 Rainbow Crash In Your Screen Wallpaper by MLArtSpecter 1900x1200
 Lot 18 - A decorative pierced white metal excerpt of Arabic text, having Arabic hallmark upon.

==*==

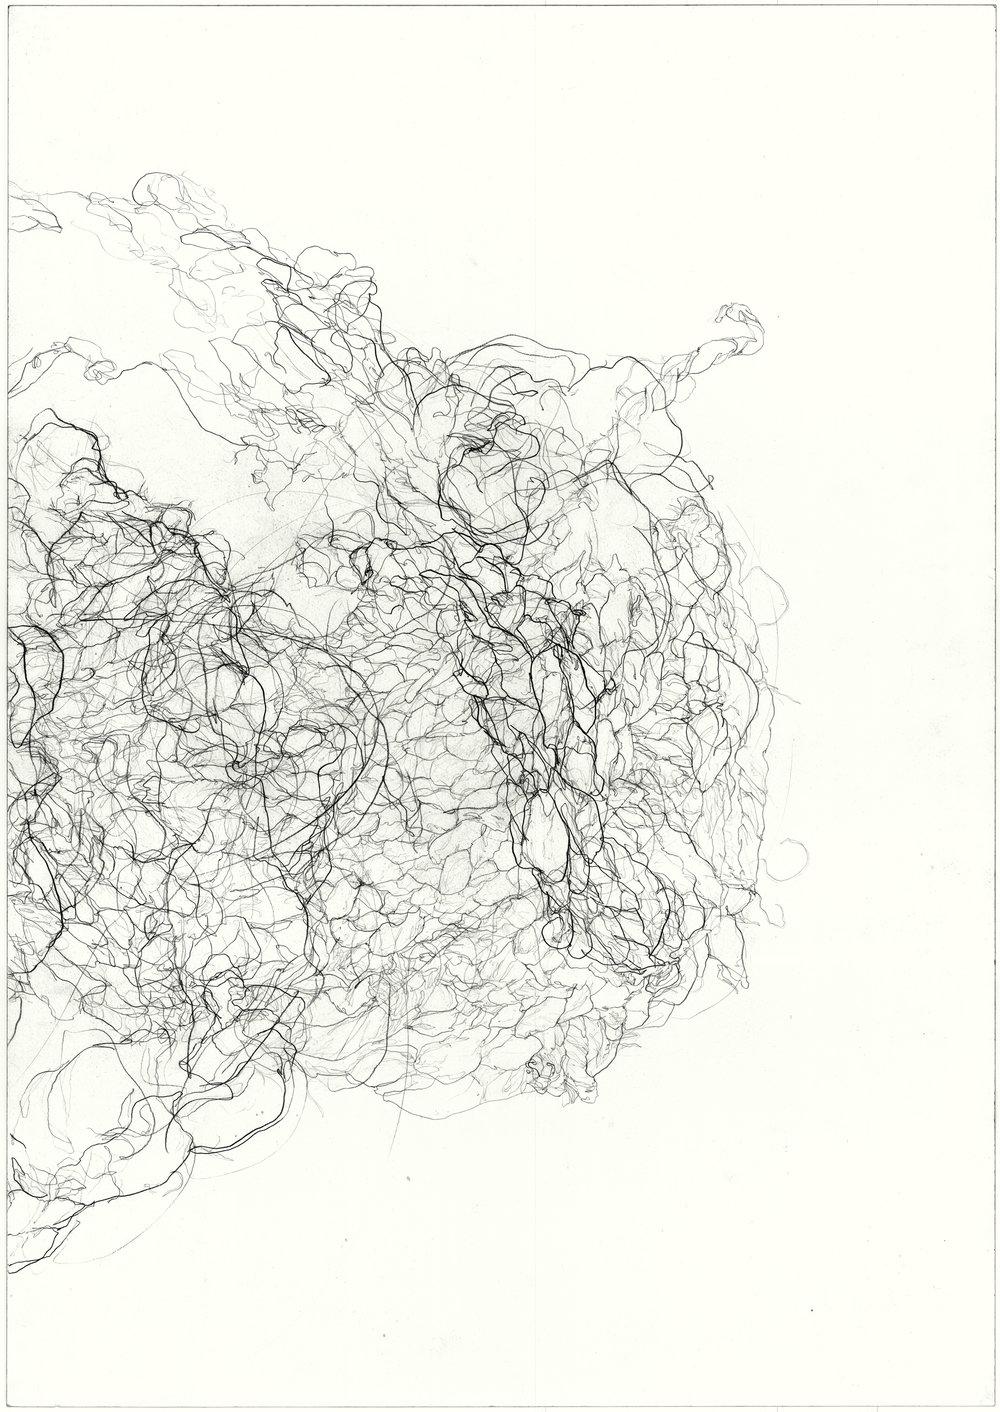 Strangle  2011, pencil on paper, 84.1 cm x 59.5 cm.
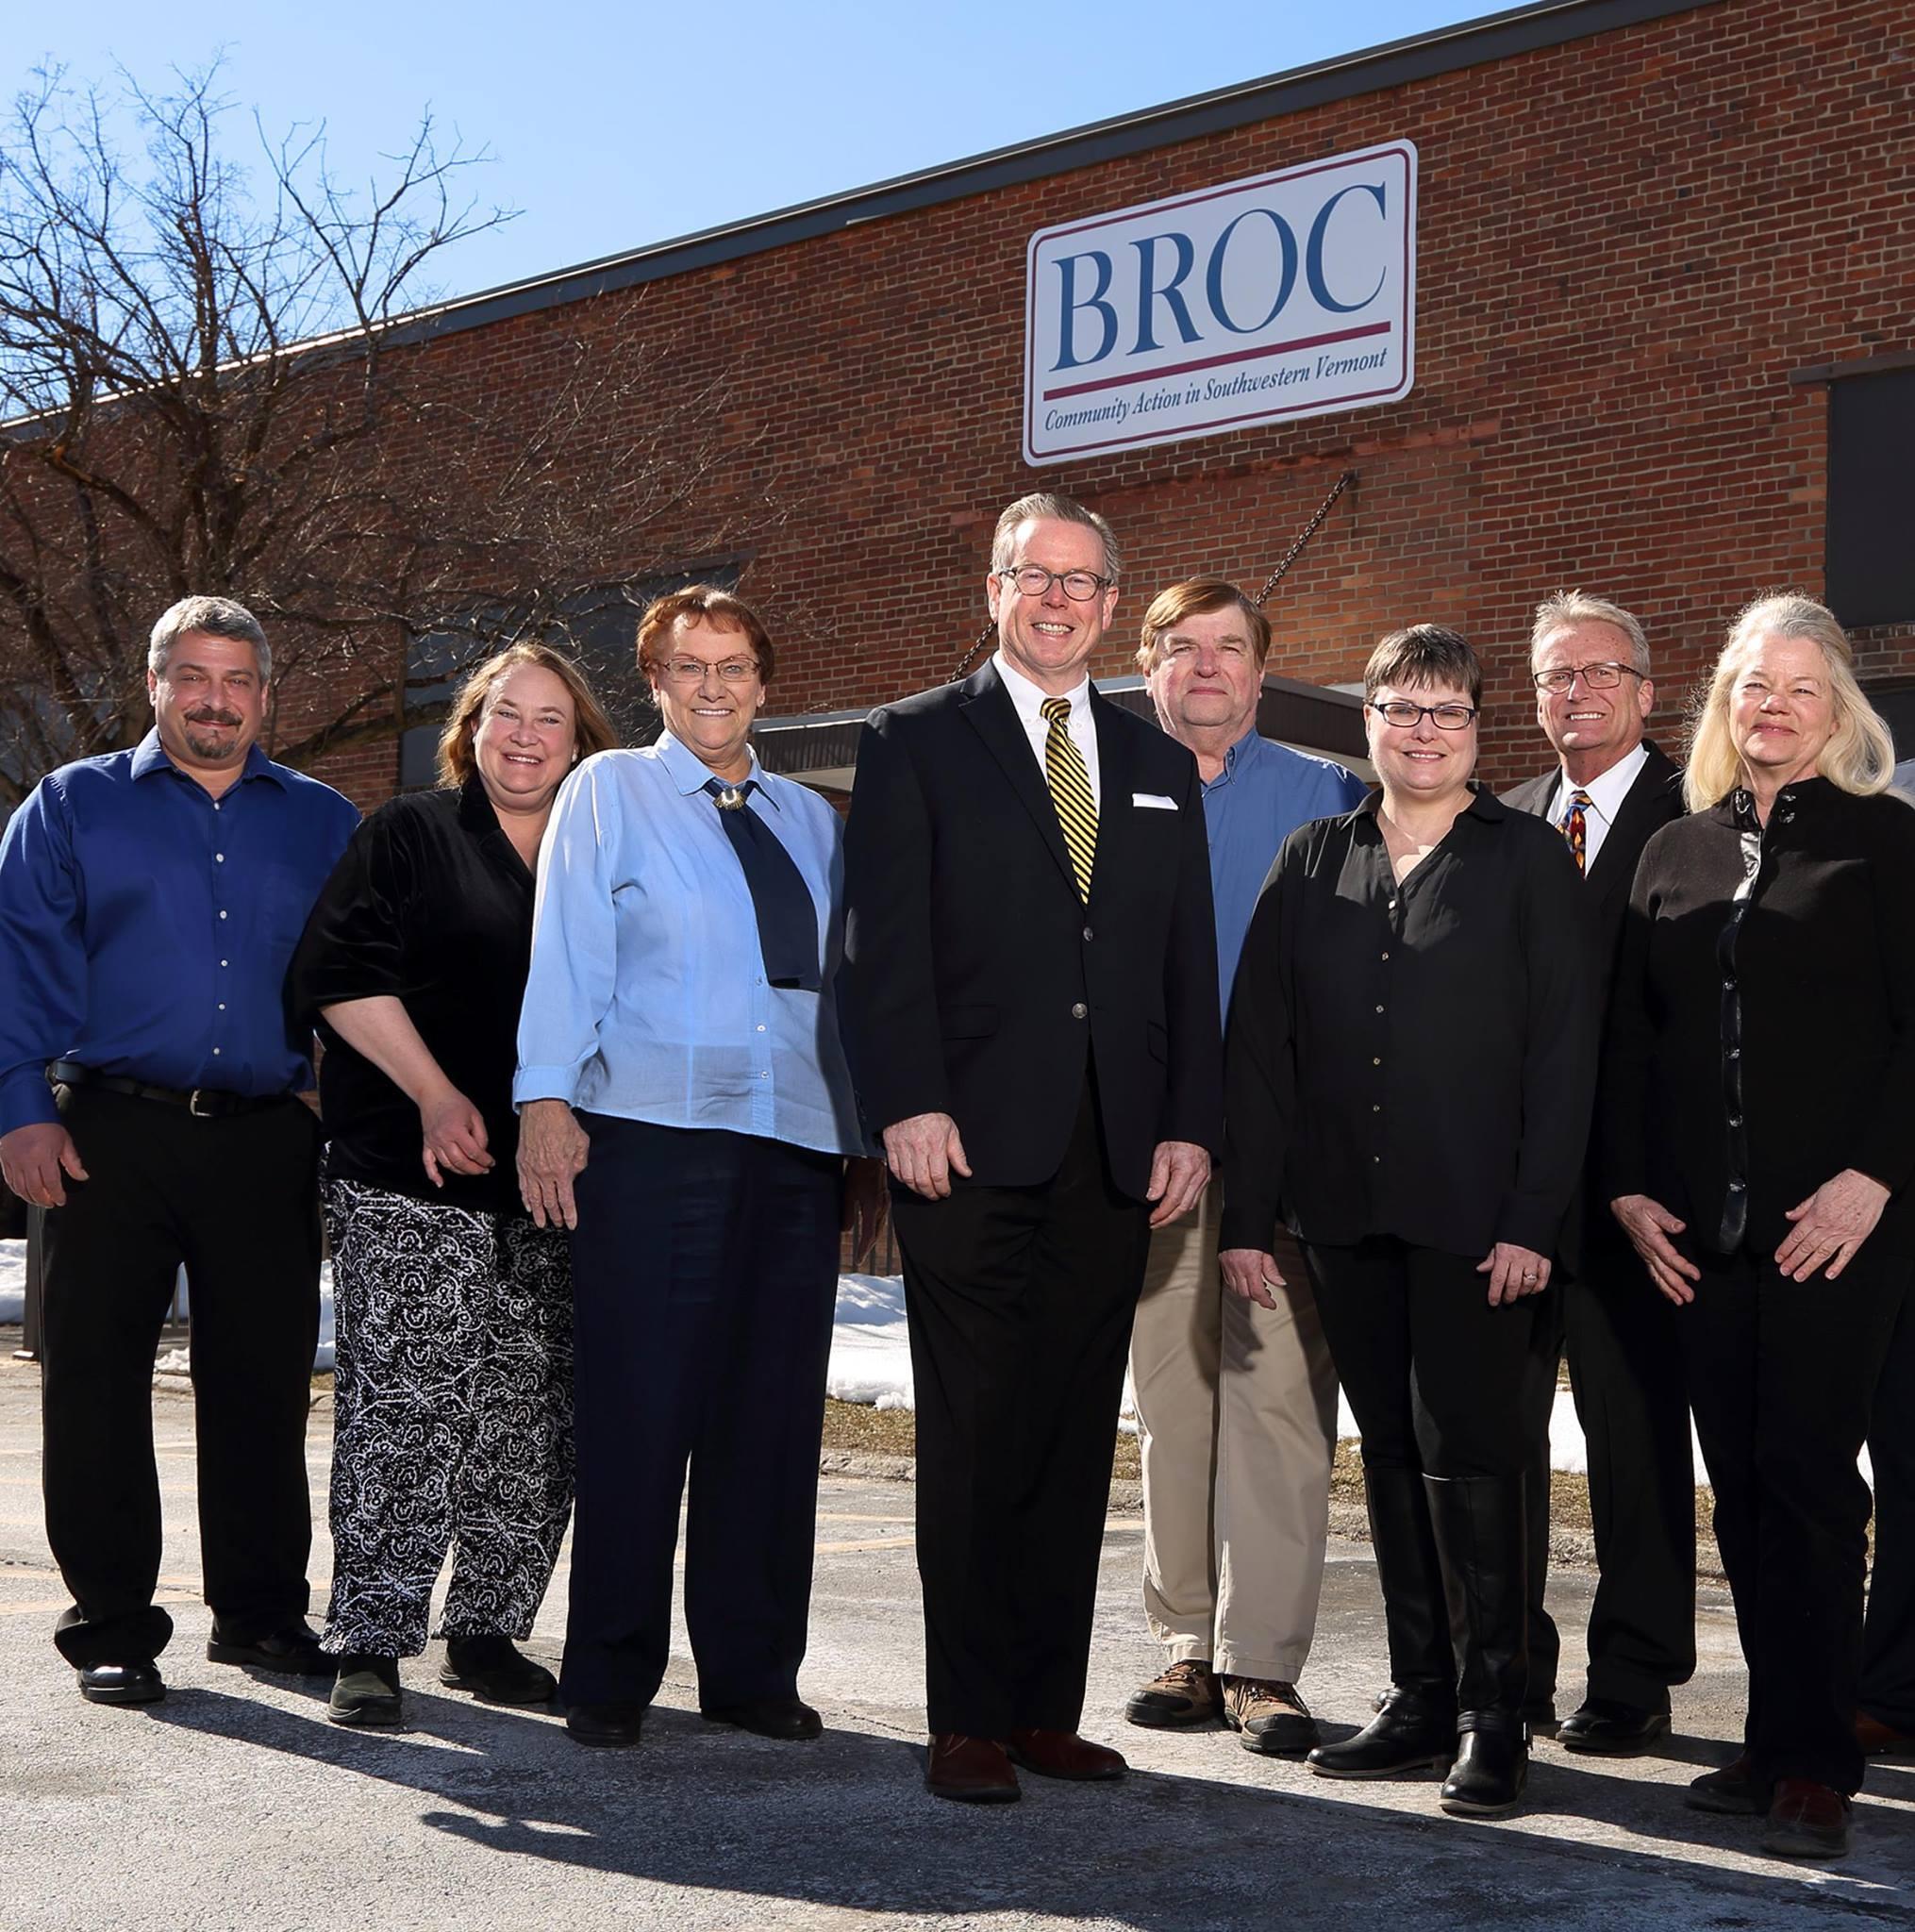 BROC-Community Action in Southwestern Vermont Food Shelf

==*==

ASSIGNMENT.
What you return must be an exact retyping of the lines above starting at the line with "Rainbow Crash In" and ending at the line with "Lot 18 - A decorative", and nothing besides.

EXERCISE SOLUTION.
 Rainbow Crash In Your Screen Wallpaper by MLArtSpecter 1900x1200
 Lot 18 - A decorative pierced white metal excerpt of Arabic text, having Arabic hallmark upon.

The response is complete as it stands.